ダブルファネルとは?7ステージの定義とKPI、図の誤り
ダブルファネルは、購入までを描くパーチェスファネルと、購入後の継続・紹介・発信を描くインフルエンスファネルをつないだモデルです。ただし、よく見かける「下半分が広がる砂時計の図」は、人数の図として読むと成立しません。ここでは原典の書籍にさかのぼって定義を確認し、7ステージごとのKPI、図が誤読される理由、そしてこのモデルが噛み合わない商材の条件まで整理します。
まとめ
- 構造:上半分がパーチェスファネル(認知・興味・意思決定・購入)、下半分がインフルエンスファネル(継続・紹介・発信)の計7ステージ。原典が示すのは「2つのファネルを合体させる」という構造です。
- 原典:書籍『ダブルファネルマーケティング』(リックテレコム、2012年10月)はプロモーション・アクイジション・リテンション・インフルエンスの4フェーズを施策単位の区分として置いており、7ステージ図とは階層が違います。
- 図の注意:人数で描くなら下半分は広がりません。広がってよいのは、紹介や推奨によって新しい人数が実際に入ってくることを描く場合だけです。一人あたり売上の増加を描きたいなら、同じ図に重ねず分けます。

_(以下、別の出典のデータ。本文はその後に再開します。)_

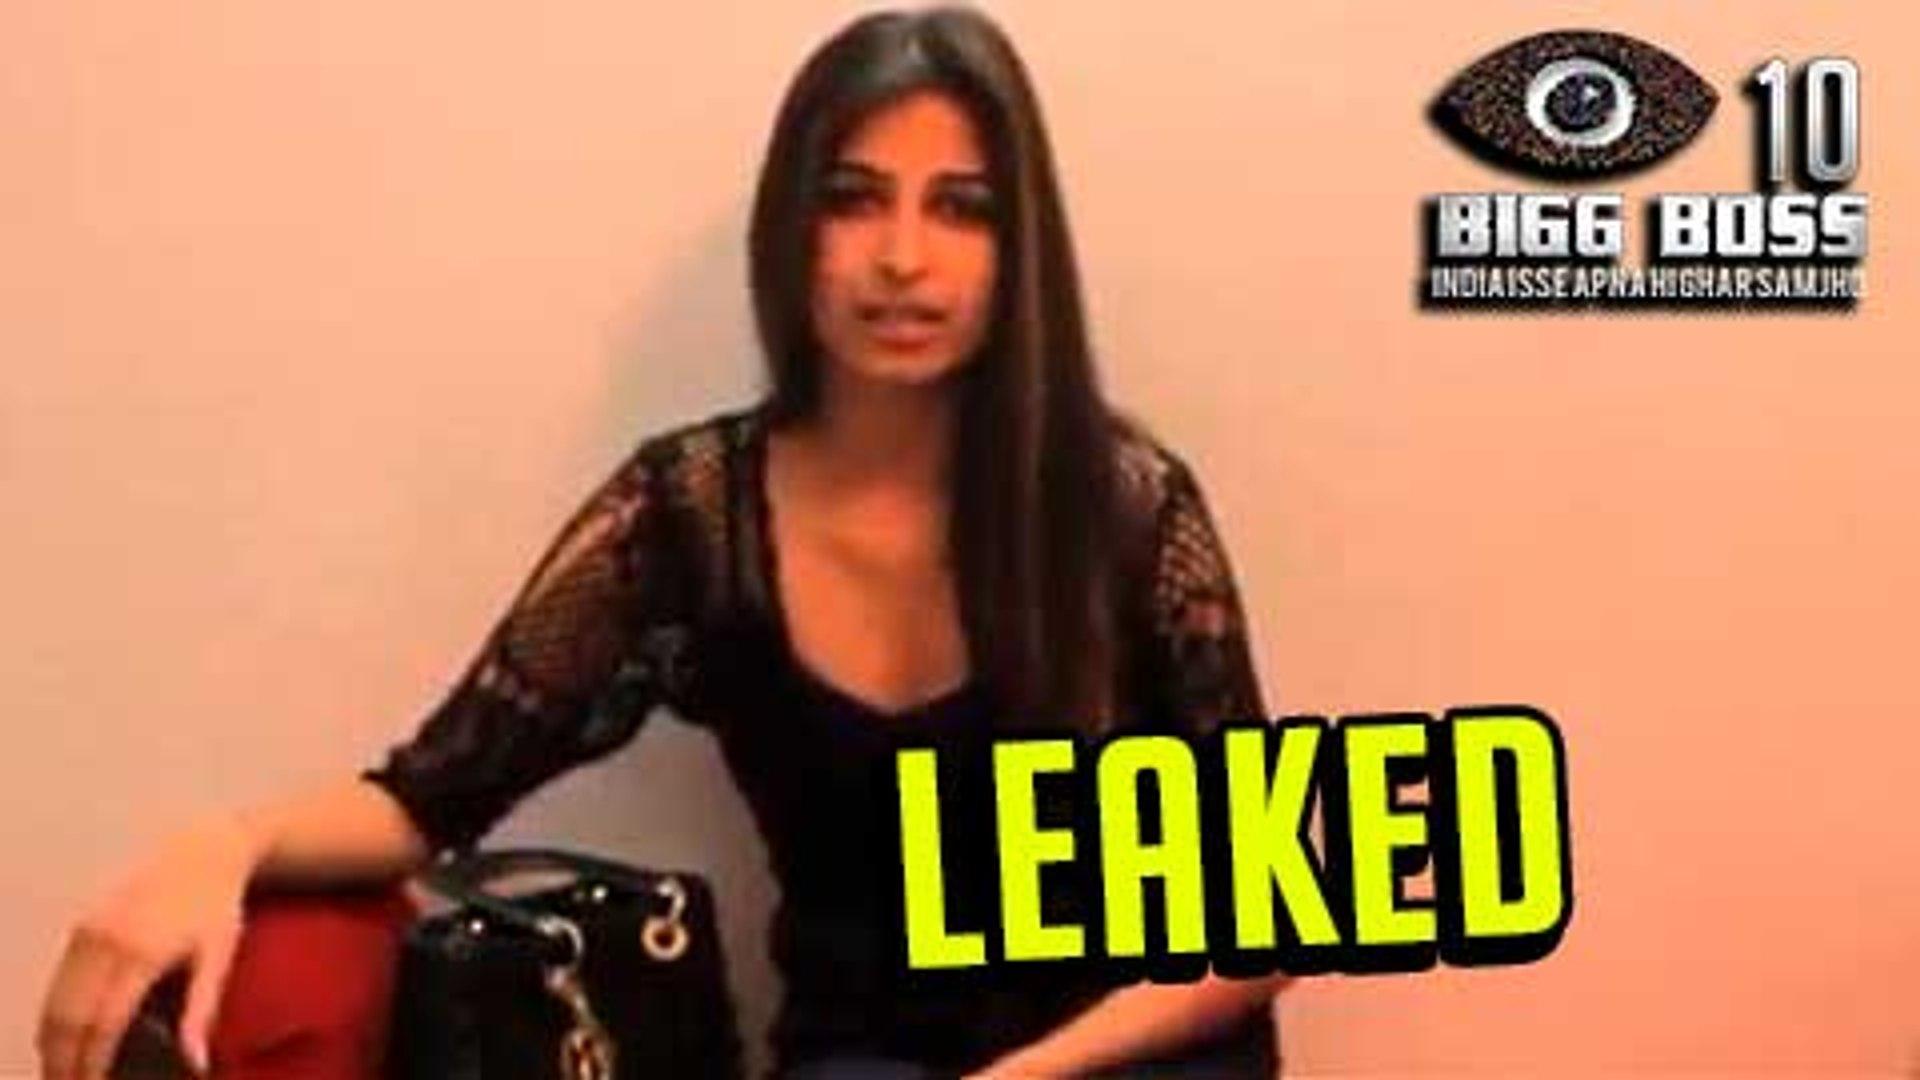 LEAKED! Priyanka Jagga Bigg Boss 10 AUDITION Clip

- KPIの置き方:上半分は次段階への到達率(歩留まり)、下半分は継続率・紹介経由CV数・NPS・UGC投稿数など一人あたりの伸びで測ります。上下を同じ物差しで並べないことが要点です。
- 向かない条件:紹介経路を判別する仕組みがない、単発購買でリピートが起きない、口コミ促進が法令で制限される。この3つのいずれかに当てはまるなら、下半分は数字が埋まりません。
ダブルファネルの構造と、砂時計に見える理由
ダブルファネルは、2つの独立したファネルを接続したモデルです。上半分は、多くの見込み客が認知から購入へ進むにつれて絞り込まれていく逆三角形。下半分は、購入した顧客が継続・紹介・発信へと影響を広げていく三角形です。購入というくびれを挟んで上下が向き合うため、全体が砂時計に見えます。なお「砂時計」は解説記事側で定着した言い回しで、原典の書籍には出てこない語です。英語圏では同じ発想を左右に並べて bow tie funnel(蝶ネクタイ型)と呼びます。B2B向けの Winning by Design(創業者 Jacco van der Kooij)が提唱する Bowtie モデルは、従来のマーケティング・セールスファネルを拡張してSaaSのリカーリングレベニュー型の顧客ジャーニーを表すデータモデル、と説明されています。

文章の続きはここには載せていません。